Idaho Territory - 1870s

1870s

Construction began on the Idaho Territorial Prison in 1870 and was completed by 1872. The prison was in use by the territory, then the state until 1973. The Old Idaho State Penitentiary was placed on the National Register of Historic Places in 1974 for its significance as a Territorial Prison. The site currently contains museums and an arboretum.

Almost immediately after Idaho Territory was created, a public school system was created and stage coach lines were established. Regular newspapers were active in Lewiston, Boise and Silver City by 1865. The first telegraph line reached Franklin in 1866, with Lewiston being the first town linked in northern Idaho in 1874. The first telephone call in the Pacific Northwest was made on May 10, 1878, in Lewiston.

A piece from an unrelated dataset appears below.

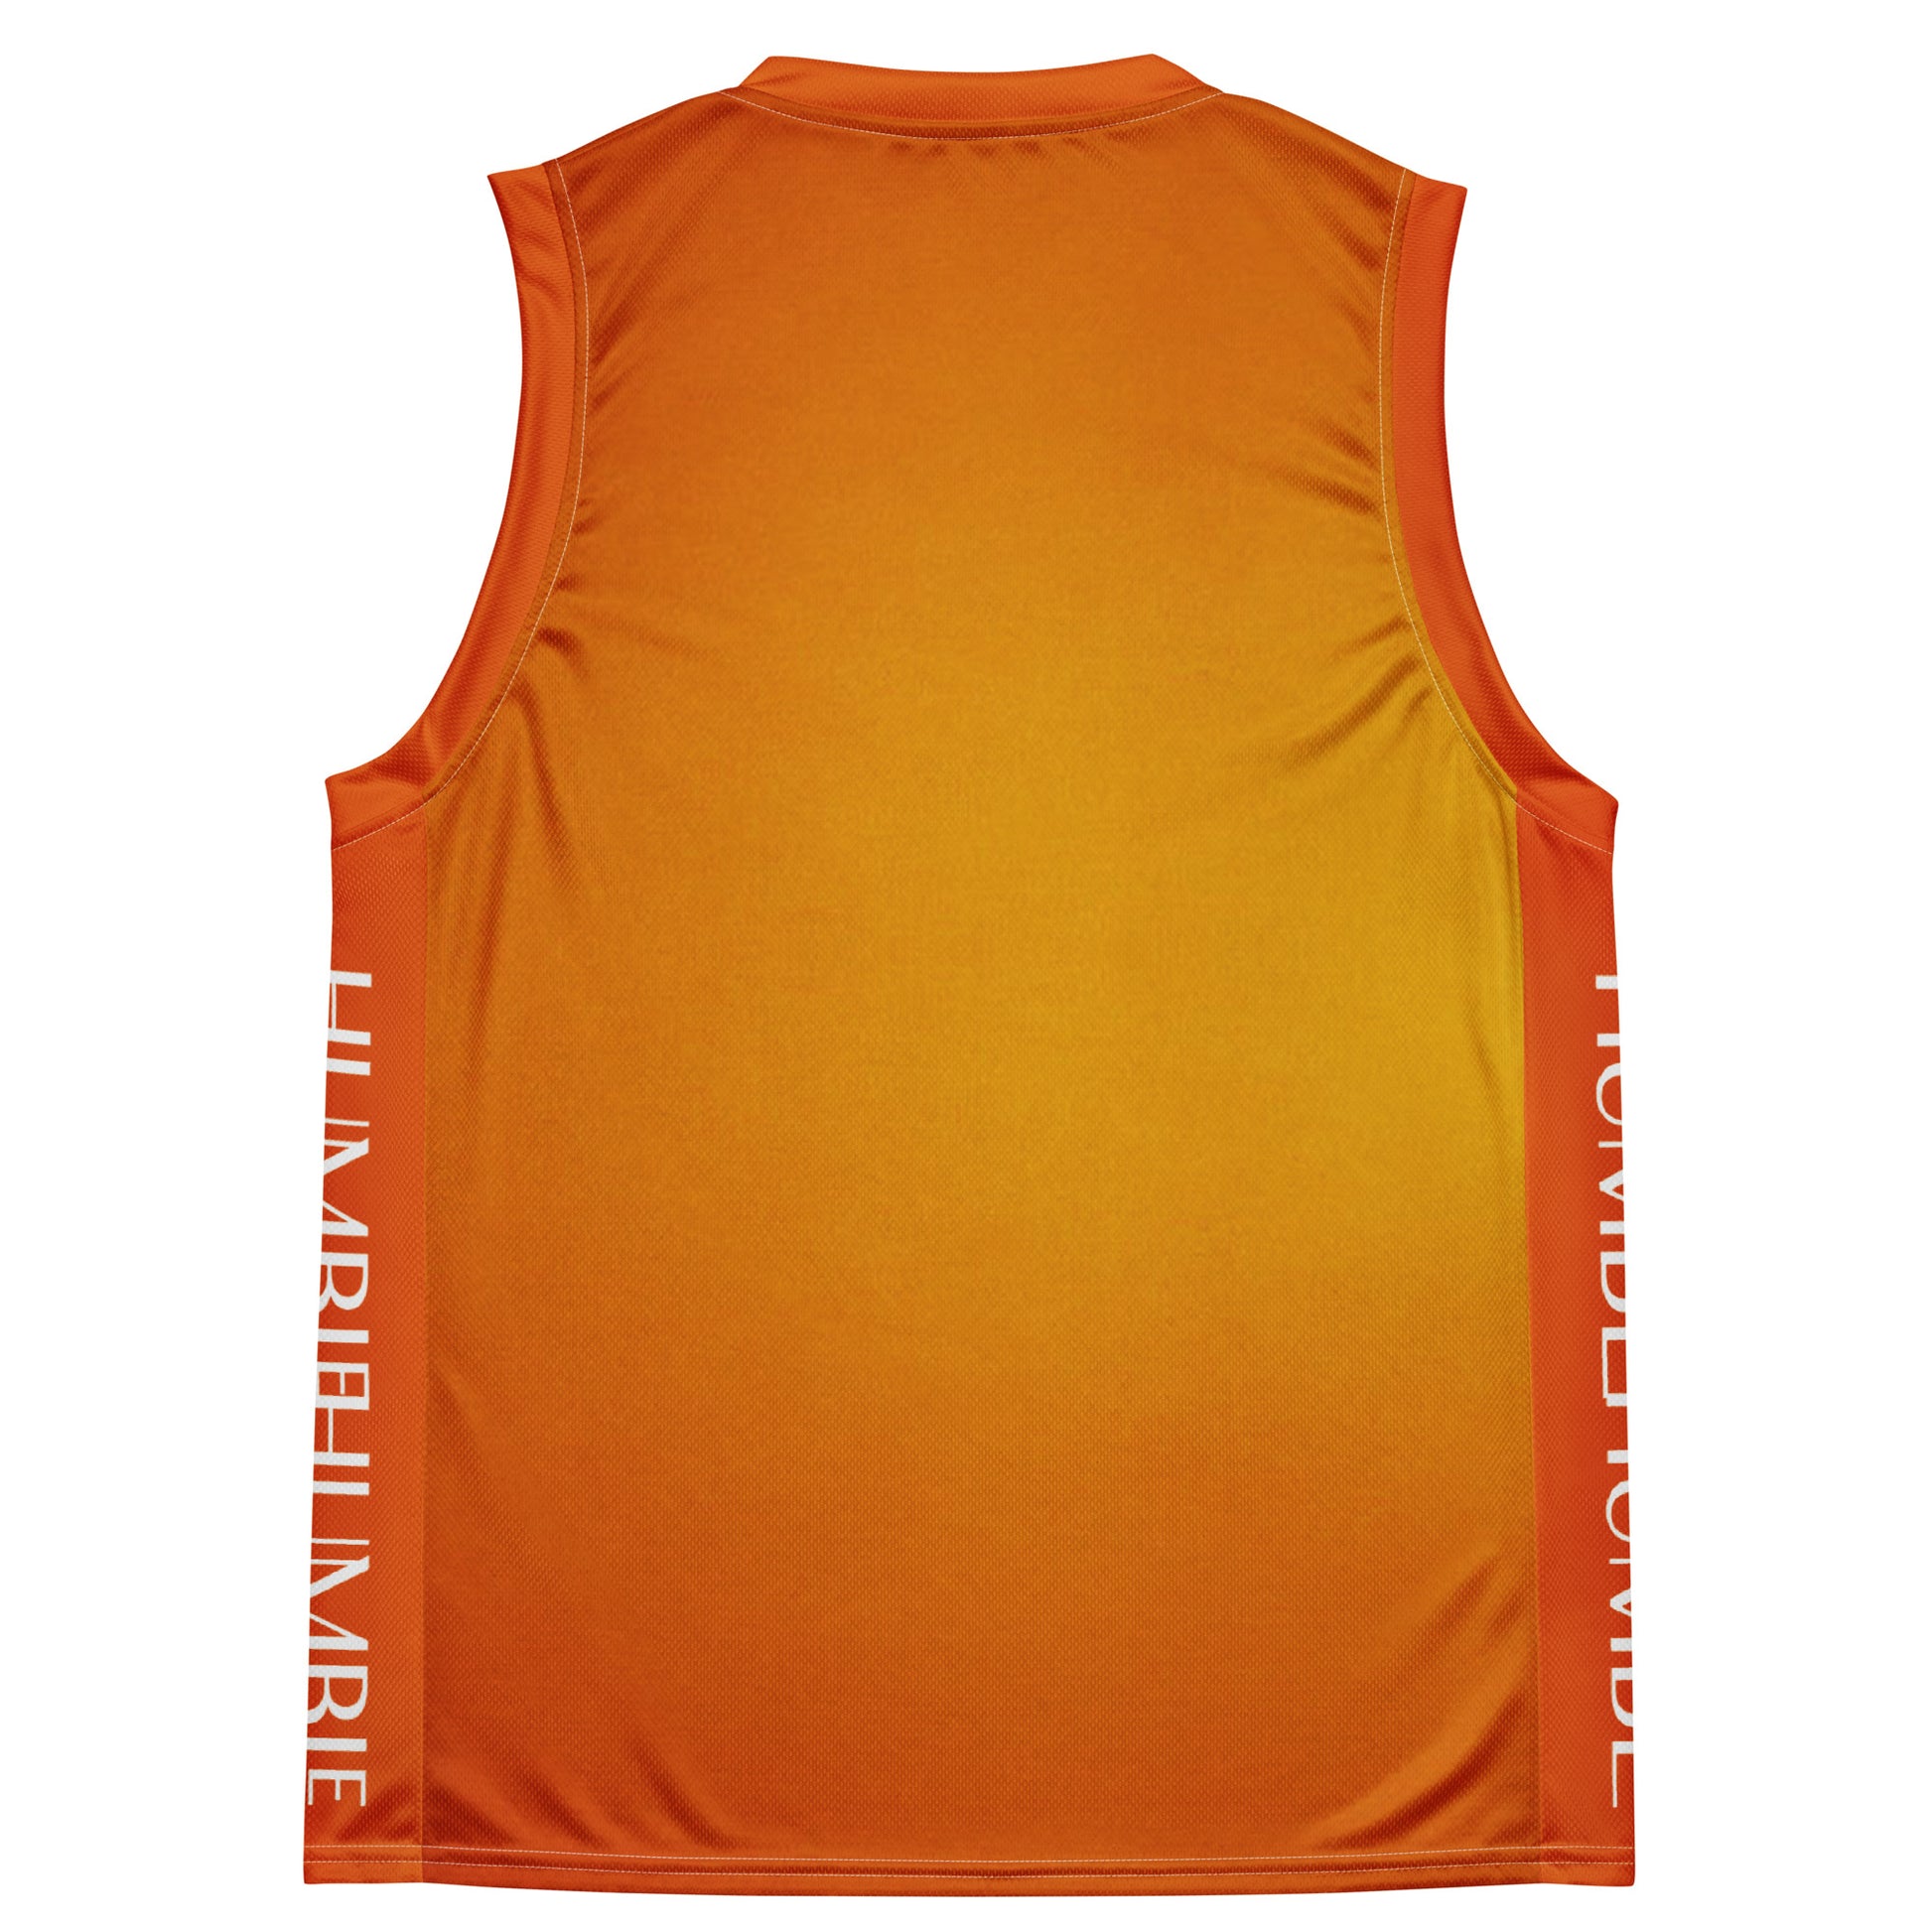 Humble Sportswear, men's basketball jerseys, gradient mesh workout tops for men

Although forming a sizeable minority, Mormons in Idaho were held in suspicion by others in Idaho. By 1882 notable and powerful Idahoans successfully disenfranchised Mormon voters in Idaho Territory, citing their illegal practice of polygamy. Idaho was able to achieve statehood some six years before Utah, a territory which had a larger population and had been settled longer, but was majority LDS with voting polygamists.

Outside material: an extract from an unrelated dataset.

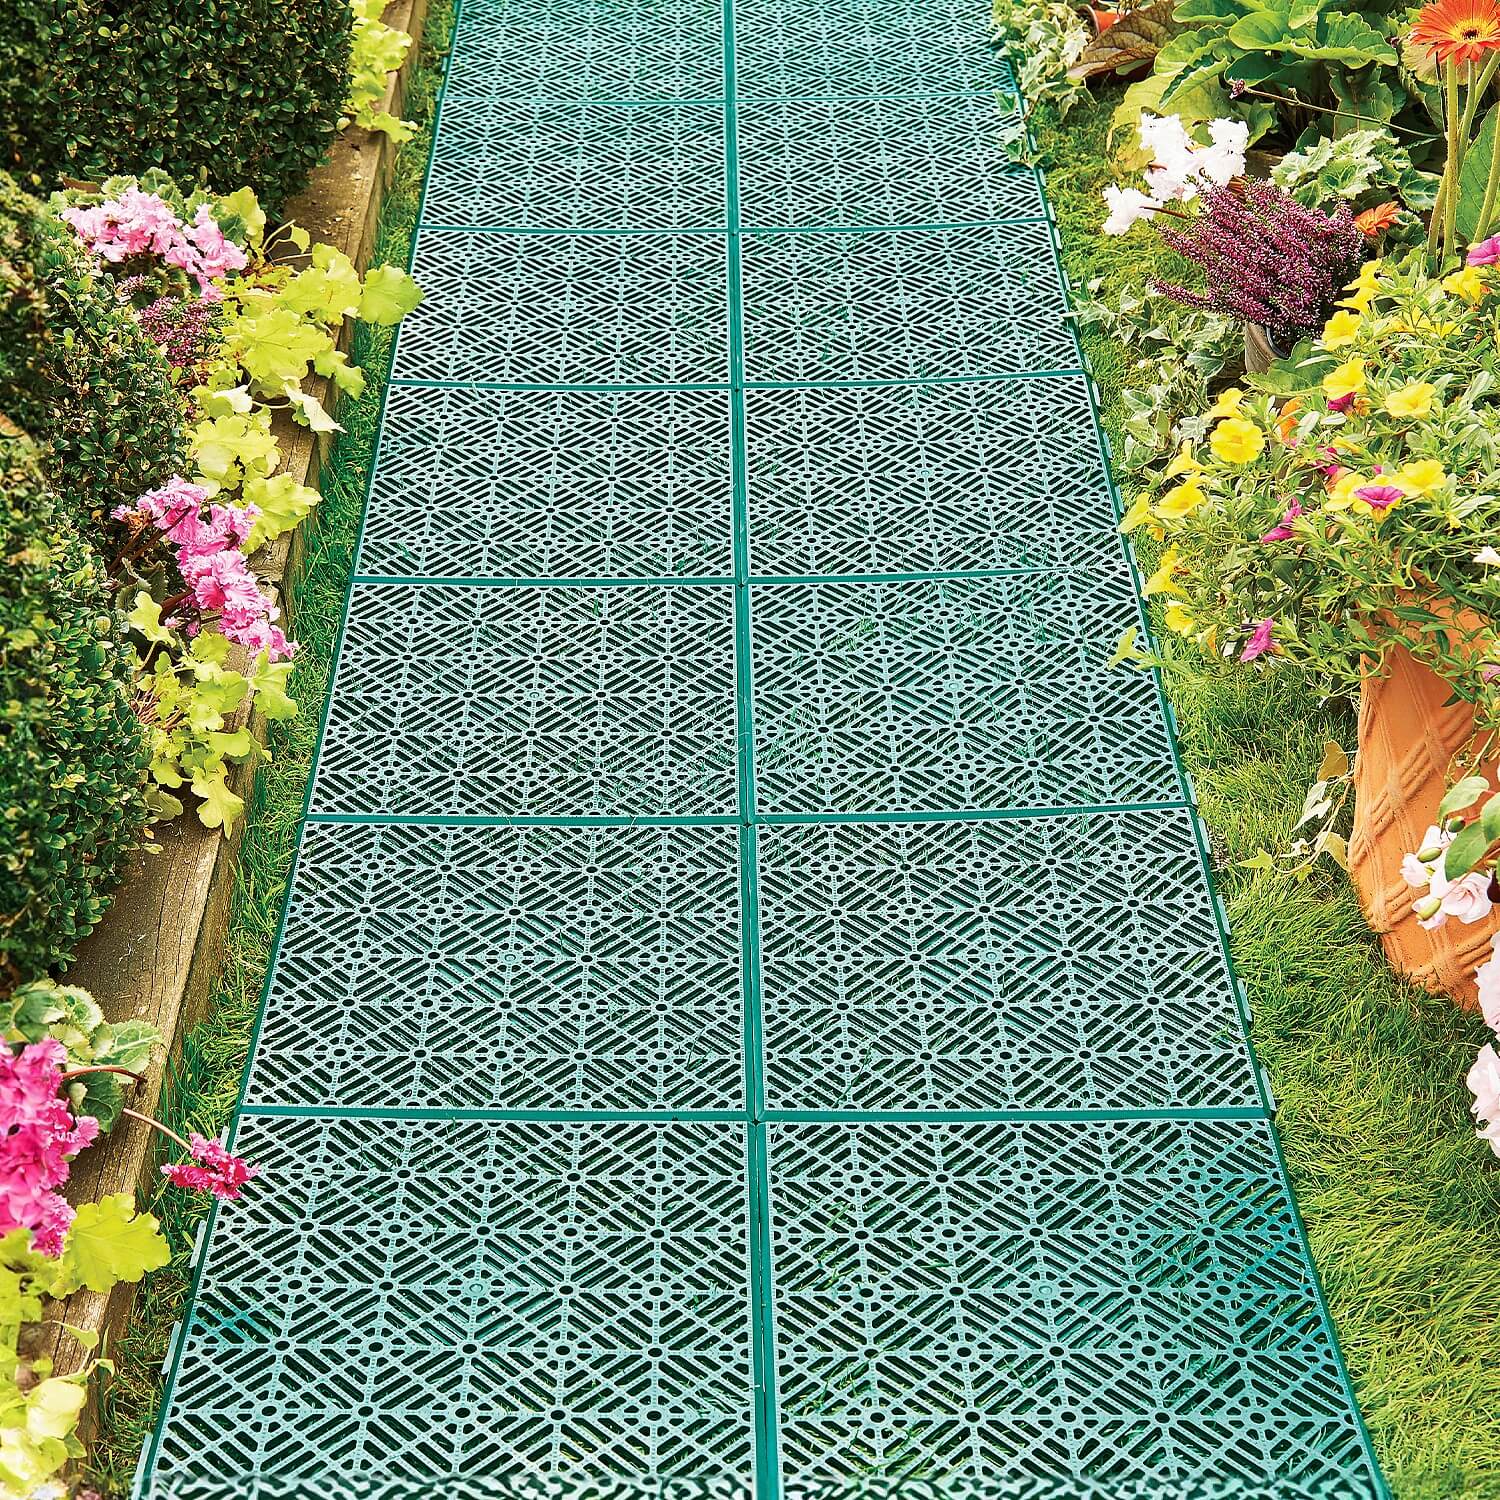 Pack of 5 Modular Garden Tiles - Weatherproof & Non-Slip.

There were four thousand Chinese living in the Idaho Territory from 1869 to 1875. Like many Chinese immigrants, they came to "Gold Mountain" to work as miners, or found work as laundrymen and cooks. The 1870 census reported there were 1,751 Chinese in Idaho City who were nearly half of city residents. Annie Lee was one legendary Idaho city woman who like Polly Bemis, escaped enslavement from the "world's oldest profession". She escaped from a member of the Yeong Wo Company in the 1870s to Boise to marry her lover, another Chinese man. Charged by her owner with grand larceny, she told a judge "me want to stay in Boise City" who granted her freedom. The story of Polly Bemis who helped settle the Idaho territory became the basis for the novel and fictionalized 1991 film A Thousand Pieces of Gold which was set in California.